First, we are able to save the binary tree to a file and restore it at a later time. We are also able to transmit the binary tree representation via network and load it into another computer. Without doubt, serialization/deserialization of a binary tree is important and an algorithm to represent a binary tree in a compact way is very desirable.

Serialization is the process of converting a data structure or object into a sequence of bits so that it can be stored in a file or memory buffer, or transmitted across a network connection link to be “resurrected” later in the same or another computer environment.

The pre-order traversal code below does all the job to serialize a binary tree, believe it or not!
Source :http://www.brilliantsheep.com/serializing-and-deserializing-a-binary-tree-in-java Time Complexity O(N)
Space Complexity O(N) to Store BST in File

Describe an algorithm to save a Binary Search Tree (BST) to a file in terms of run-time and disk space complexity. You must be able to restore to the exact original BST using the saved format.

Question need to be understand clearly .We Have to Transfer the Whole BST/BT across the network this is where he asked to implement the serialization on Tree & the transfer to another host on recipient side we use deserialization . to implement serialization on tree we need to save it in file & restoring the exact tree on receiving side .important question arises that which traversal we have to use here pre,in or post ?? only one is best are u able to think of it ???

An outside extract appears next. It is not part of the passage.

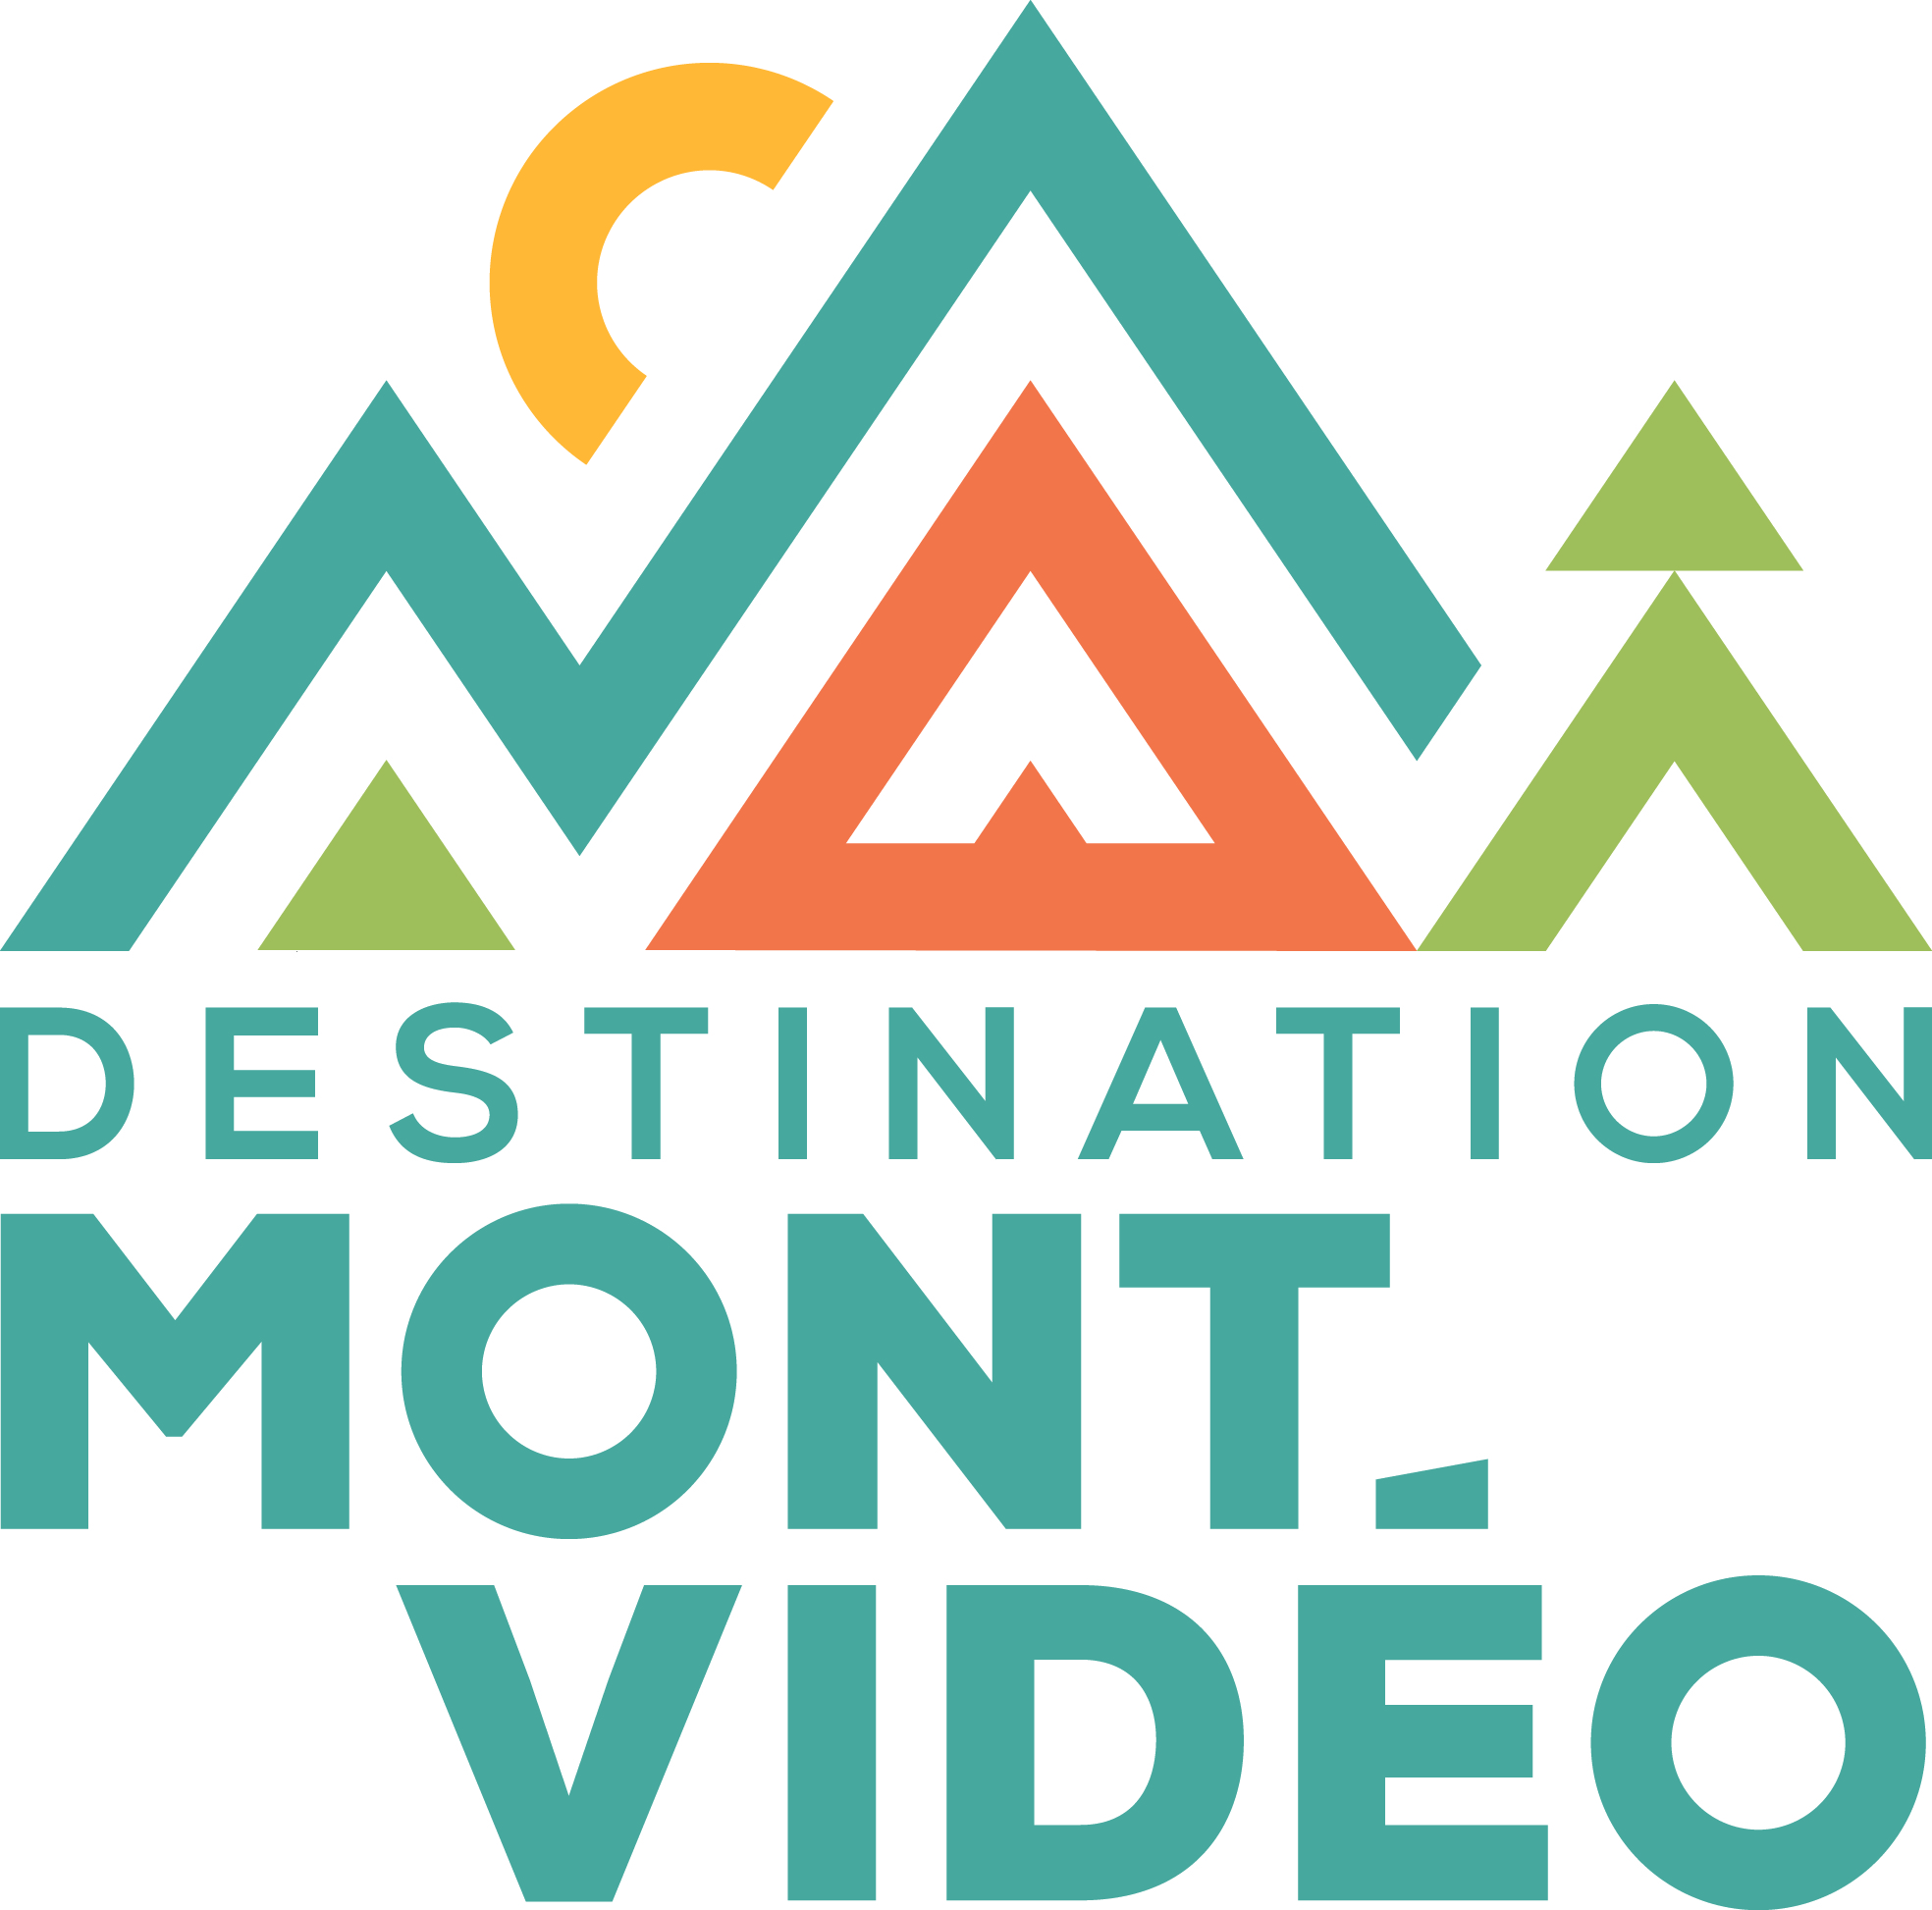 Mont-Vidéo

let me explain lets we have tree is
_30_
/ \
20 40
/ / \
10 35 50

In-order traversal
If we do an in-order traversal, we will output 10 20 30 35 40 50. There is no way of telling how the original BST structure looks like, as the following unbalanced BST is one of the possible BST sets from the output 10 20 30 35 40 50.

_50
/
40
/
35
/
30
/
20
/
10

Post-order traversal:
If we do a post-order traversal, we will output the leaf nodes before its parent node. Specifically, we will output 10 20 35 50 40 30 using post-order traversal. Imagine we’re reading the nodes to construct the tree back. See the problem that we are reading the leaf nodes before its parent? There’s too much trouble to create the child nodes before its parent. Remember that the BST insertion algorithm works by traversing the tree from the root to the correct leaf to insert.

Pre-order traversal:
Pre-order traversal is the perfect algorithm for making a copy of a BST. The output of a pre-order traversal of the BST above is 30 20 10 40 35 50. Please note the following important observation:
A node’s parent is always output before itself.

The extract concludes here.